## Exercise instructions
Check each line of the material for the string "vector", and copy the lines that have it.

## Listed records
-- Opening Marker --

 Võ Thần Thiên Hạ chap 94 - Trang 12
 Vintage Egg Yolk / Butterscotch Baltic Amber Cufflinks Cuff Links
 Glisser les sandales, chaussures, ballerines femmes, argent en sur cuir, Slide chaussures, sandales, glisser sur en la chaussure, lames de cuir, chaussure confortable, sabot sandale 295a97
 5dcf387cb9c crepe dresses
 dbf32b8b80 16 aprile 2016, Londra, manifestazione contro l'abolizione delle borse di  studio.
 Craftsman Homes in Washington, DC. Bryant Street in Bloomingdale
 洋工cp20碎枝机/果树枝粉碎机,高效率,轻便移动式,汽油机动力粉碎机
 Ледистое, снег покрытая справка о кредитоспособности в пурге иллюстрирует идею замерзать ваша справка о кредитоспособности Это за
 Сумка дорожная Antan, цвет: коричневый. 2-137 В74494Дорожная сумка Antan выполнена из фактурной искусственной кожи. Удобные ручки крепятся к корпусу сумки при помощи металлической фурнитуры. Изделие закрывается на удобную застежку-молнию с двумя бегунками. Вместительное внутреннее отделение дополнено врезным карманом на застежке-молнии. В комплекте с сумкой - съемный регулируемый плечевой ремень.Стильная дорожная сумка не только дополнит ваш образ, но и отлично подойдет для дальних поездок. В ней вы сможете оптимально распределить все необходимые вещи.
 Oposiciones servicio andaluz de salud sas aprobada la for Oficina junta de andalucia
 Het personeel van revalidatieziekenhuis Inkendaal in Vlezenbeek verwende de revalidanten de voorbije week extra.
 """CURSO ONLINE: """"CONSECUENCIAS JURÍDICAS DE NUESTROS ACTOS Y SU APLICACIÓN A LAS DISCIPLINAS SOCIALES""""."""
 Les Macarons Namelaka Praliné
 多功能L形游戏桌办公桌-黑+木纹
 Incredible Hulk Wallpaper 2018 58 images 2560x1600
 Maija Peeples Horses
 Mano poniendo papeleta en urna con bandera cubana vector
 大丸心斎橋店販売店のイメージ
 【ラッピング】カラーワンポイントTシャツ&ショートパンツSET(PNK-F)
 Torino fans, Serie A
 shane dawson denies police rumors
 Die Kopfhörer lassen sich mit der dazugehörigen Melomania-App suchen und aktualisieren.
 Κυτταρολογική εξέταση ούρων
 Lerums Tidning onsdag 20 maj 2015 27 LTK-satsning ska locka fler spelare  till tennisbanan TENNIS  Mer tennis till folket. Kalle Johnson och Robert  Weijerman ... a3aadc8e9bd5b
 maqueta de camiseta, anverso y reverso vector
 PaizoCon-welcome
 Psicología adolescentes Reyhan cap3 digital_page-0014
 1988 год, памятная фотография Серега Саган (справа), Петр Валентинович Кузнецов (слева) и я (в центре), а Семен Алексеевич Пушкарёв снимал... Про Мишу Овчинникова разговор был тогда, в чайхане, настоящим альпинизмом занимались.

-- Closing Marker --

## Result for this exercise
 Mano poniendo papeleta en urna con bandera cubana vector
 maqueta de camiseta, anverso y reverso vector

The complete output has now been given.